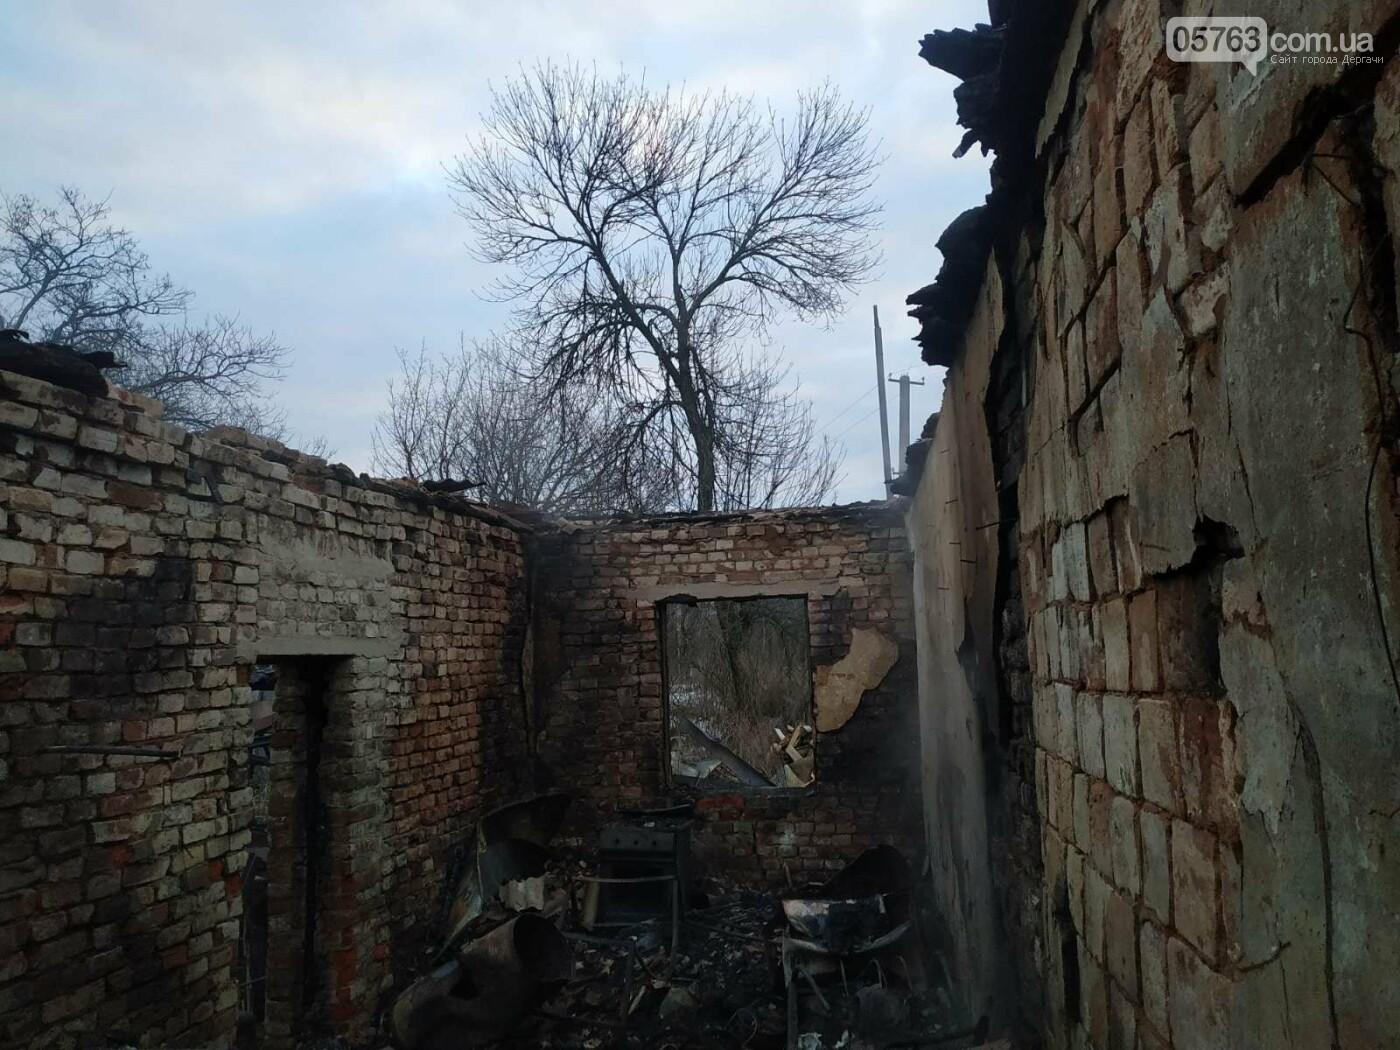 Загорівся приватний будинок: рятувальники знайшли тіло 92-річного чоловіка, - ФОТО, фото-4
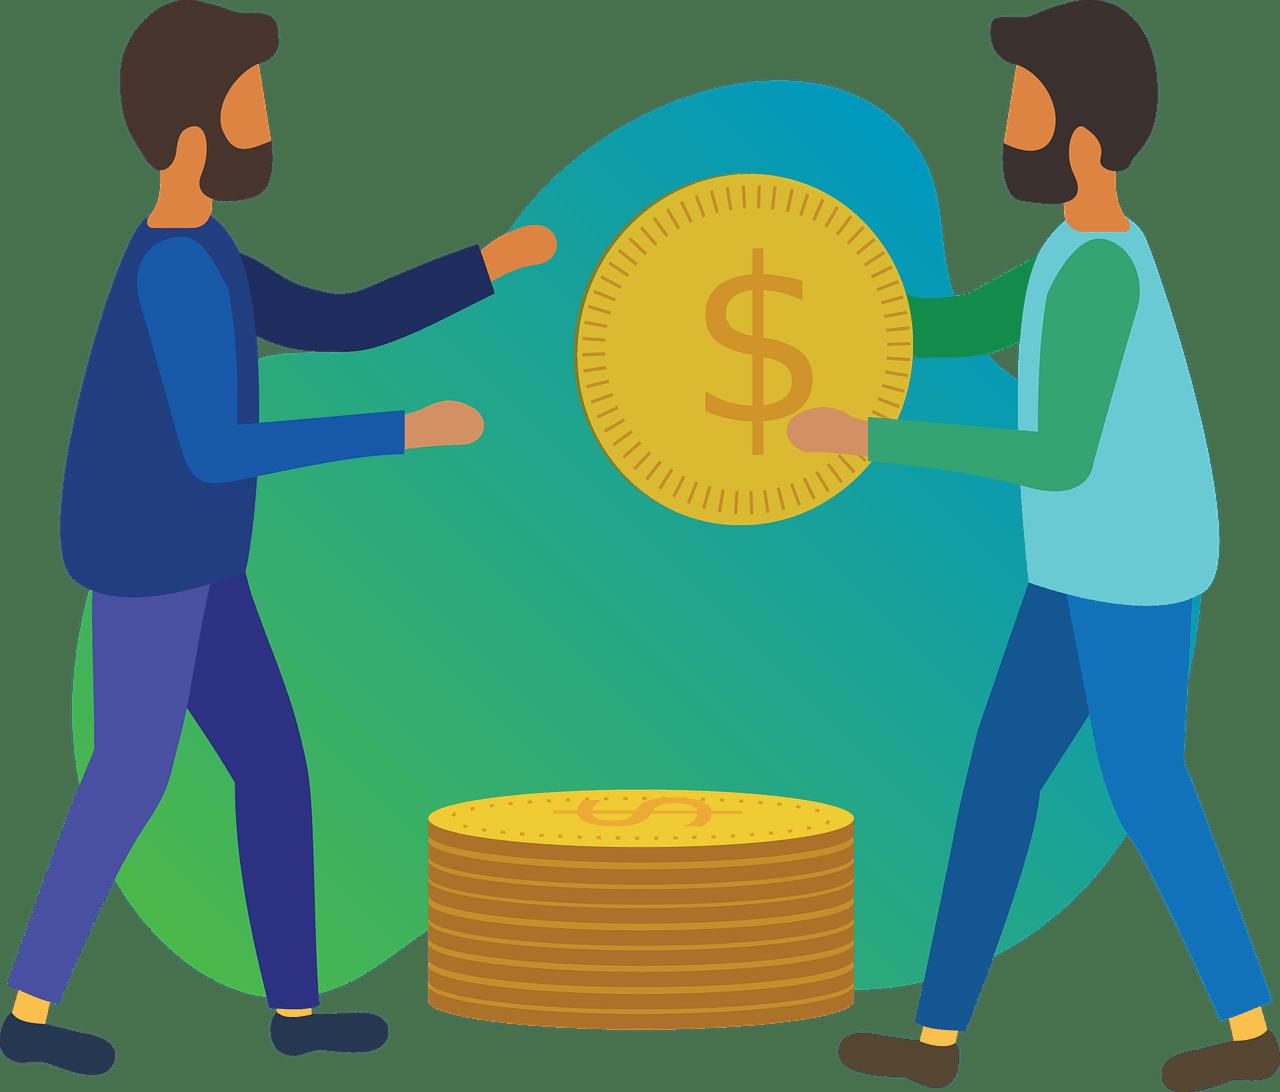 ilustração de dois homens, um entregando uma moeda ao outro
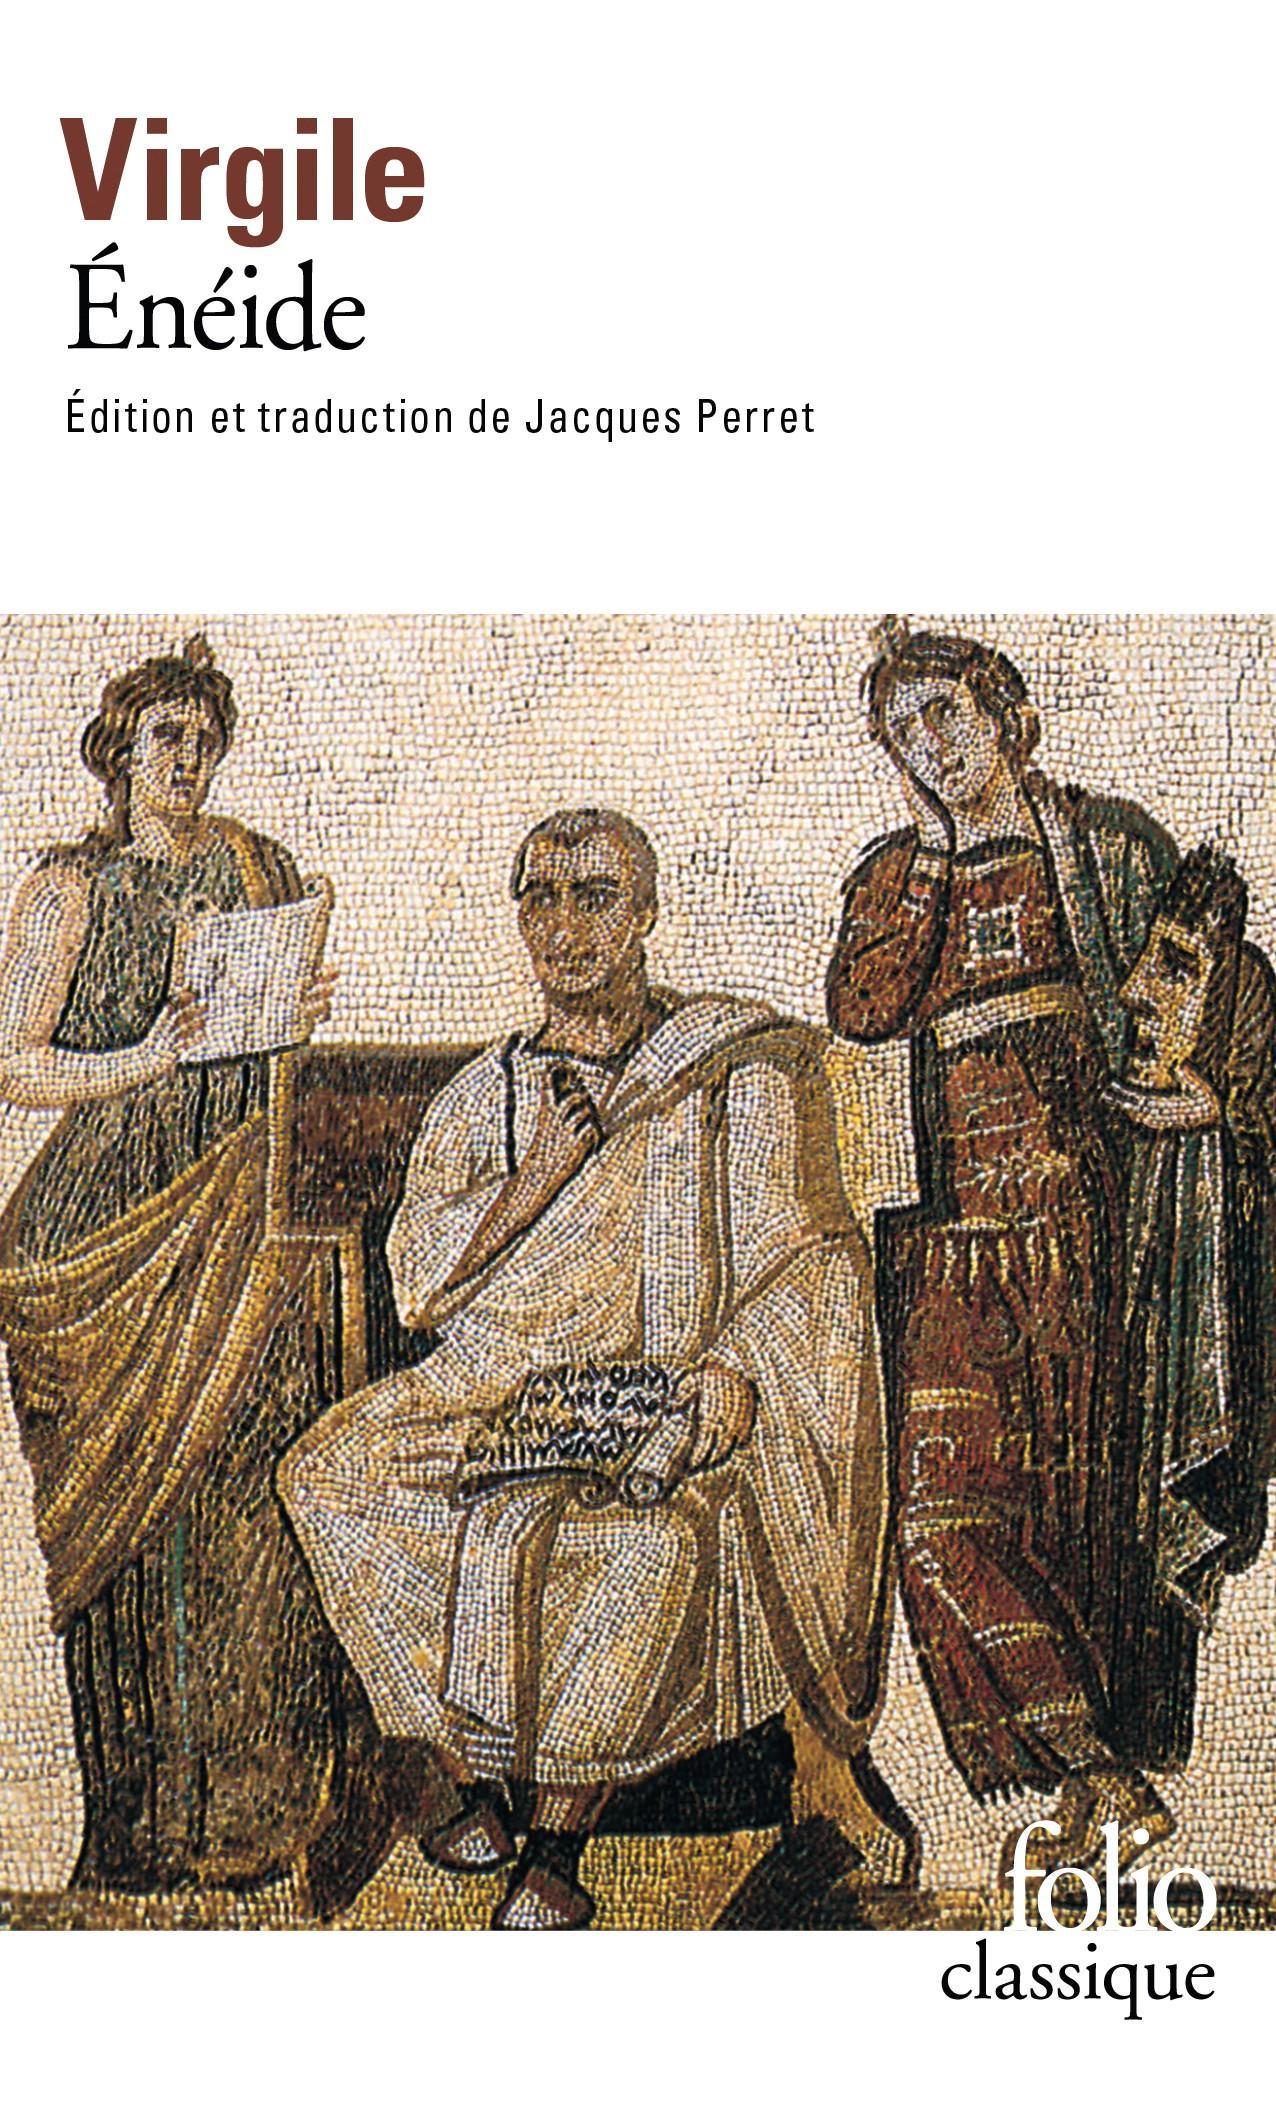 Couverture de L'Énéide de Virgile.

┄┄┄┄┄┄┄┄┄┄┄┄┄┄┄┄┄┄┄┄

== TO DO ==
Output each line of the listing above, word for word, from the one holding "ilustração de dois" through the last line, both included; omit the pictures.

== RESULT OF THIS TASK ==
 ilustração de dois homens, um entregando uma moeda ao outro
 Couverture de L'Énéide de Virgile.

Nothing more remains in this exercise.